Rumah adat sendiri merupakan rumah dari penduduk asli suatu daerah. Berdasarkan e-modul"Keberagaman di Sekitarku" rumah adat yang ada di Indonesia adalah hasil dari pemanfaatan peralatan dan teknologi masyarakat setempat.
Selain dibedakan dari jenis pemanfaatan teknologi, perbedaan ciri khas rumah adat juga dipengaruhi oleh kondisi geografis suatu wilayah. Rumah adat di daerah pesisir tentunya memiliki bentuk yang berbeda dengan rumah adat di daerah gunung.
Begitupula dengan rumoh aceh. Ciri khas, fungsi, serta struktur bangunan rumoh aceh dipengaruhi oleh kebudayaan masyarakat Aceh itu sendiri.
Sejarah Rumoh Aceh
Rumoh aceh dipercaya sudah ada sejak tanah Aceh dipimpin oleh raja. Melansir Gerakan Literasi Nasional (GLN) Kementerian Pendidikan dan Kebudayaan (Kemendikbud) rumoh aceh dulunya bukan dikenal sebagai rumah adat.
Hal ini karena setiap masyarakat Aceh memiliki rumah yang bentunya nyaris sama dengan rumoh aceh yang dikenal saat ini. Rumah tinggal dari pahlawan nasional seperti Cut Nyak Dhien dan Cut Meutia juga merupakan rumoh aceh.
Rumoh aceh tempat tinggal Cut Nyak Dhien terletak di Gampong Lampisang, Aceh Besar, sementara rumoh aceh tempat tinggal Cut Meutia terletak di Matangkuli, Aceh Utara. Kedua rumah tersebut saat ini dijadikan objek wisata sejarah dan budaya Aceh.
Hingga saat ini, rumoh aceh masih digunakan oleh masyarakat Aceh khususnya yang tinggal di pedesaan. Menurut Herman RN dalam "Arsitektur Rumah Tradisional Aceh" rumoh aceh masih bisa ditemukan di wilayah Aceh Besar, Aceh Barat Daya, dan Aceh Selatan.

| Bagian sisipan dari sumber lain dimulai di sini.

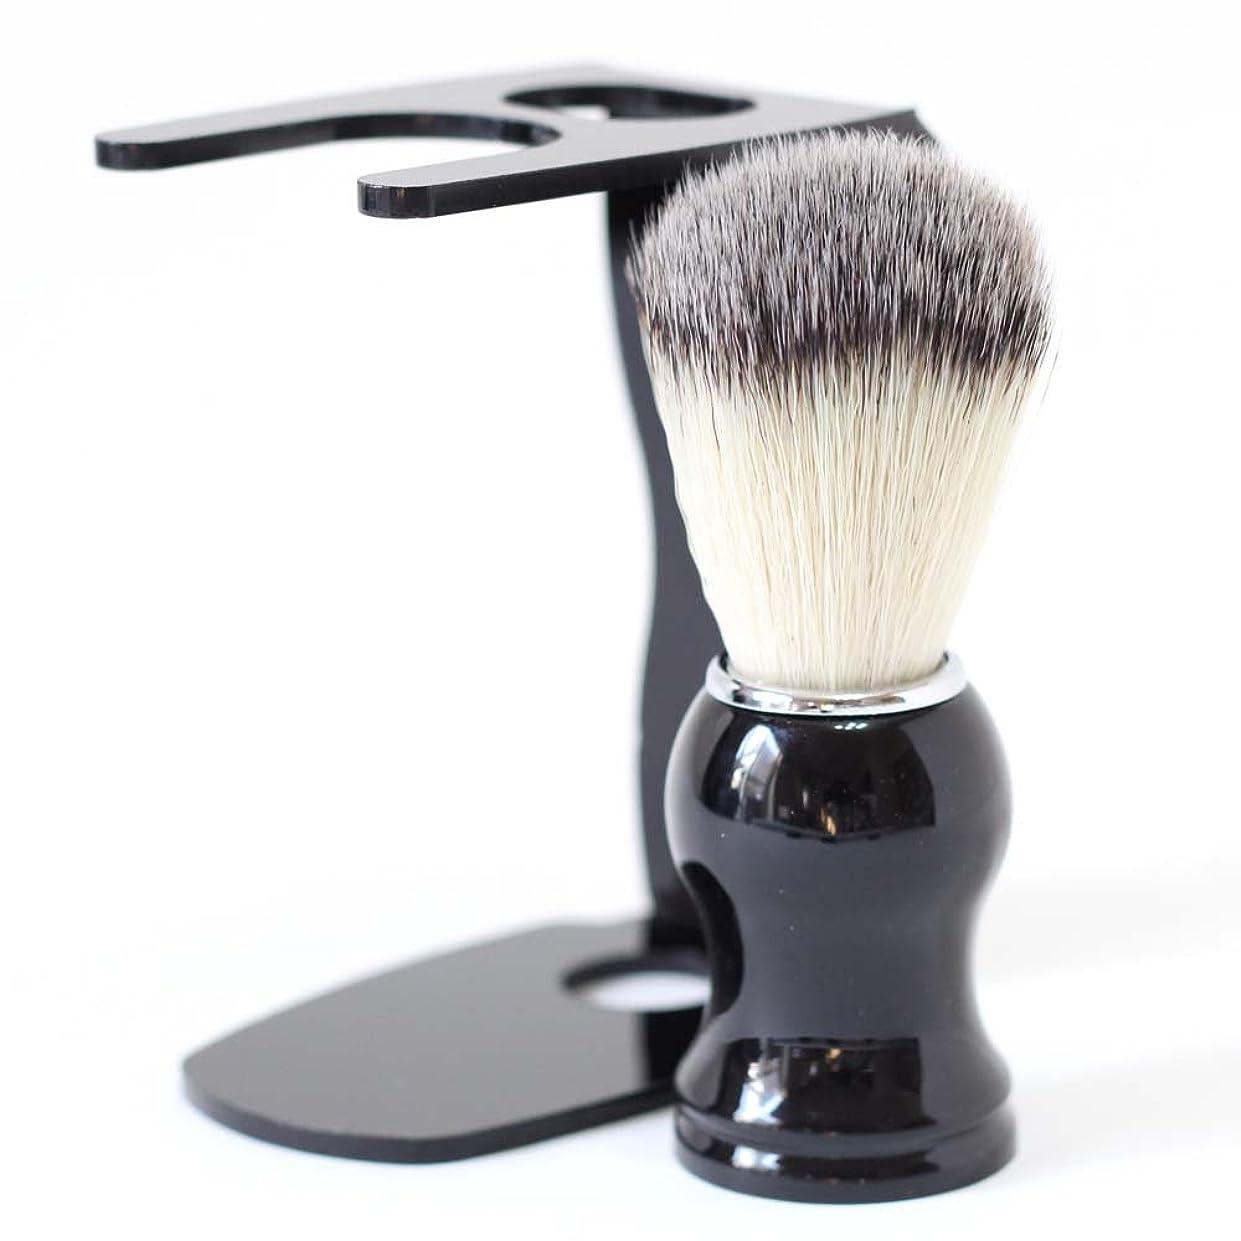 【Barsado】泡立ちが違う 100% アナグマ 毛 シェービング ブラシ スタンド付き/理容 洗顔 髭剃り マッサージ 効果

Ciri Khas dari Struktur Bangunan Rumoh Aceh
Ciri khas utama dari rumoh aceh adalah struktur bangunannya yang berbentuk panggung dan memanjang. Menurut Herman, bentuk panggung rumoh aceh berfungsi sebagai pelindung penghuni rumah dari ancaman hewan buas dan bencana banjir.
Jumlah tiang yang ada pada rumoh aceh juga menandakan banyaknya ruangan di dalam rumah. Menurut Kiki Ratnaning Arimbi dalam "Berselancar ke 34 Rumah Adat Indonesia Yuk!" rumoh aceh dengan 16 tiang biasanya terdiri dari 3 ruangan. Sementara, rumoh aceh dengan jumlah tiang yang lebih banyak, yaitu 18, 22, dan 24 biasanya memiliki lebih dari 5 ruangan.
Selain tiang, ciri khas lainnya yang tampak dari rumoh aceh adalah ukuran pintu masuknya. Ukuran pintu masuk rumoh aceh hanya berukuran 120 hingga 150 cm, cukup kecil untuk tinggi rata-rata orang dewasa.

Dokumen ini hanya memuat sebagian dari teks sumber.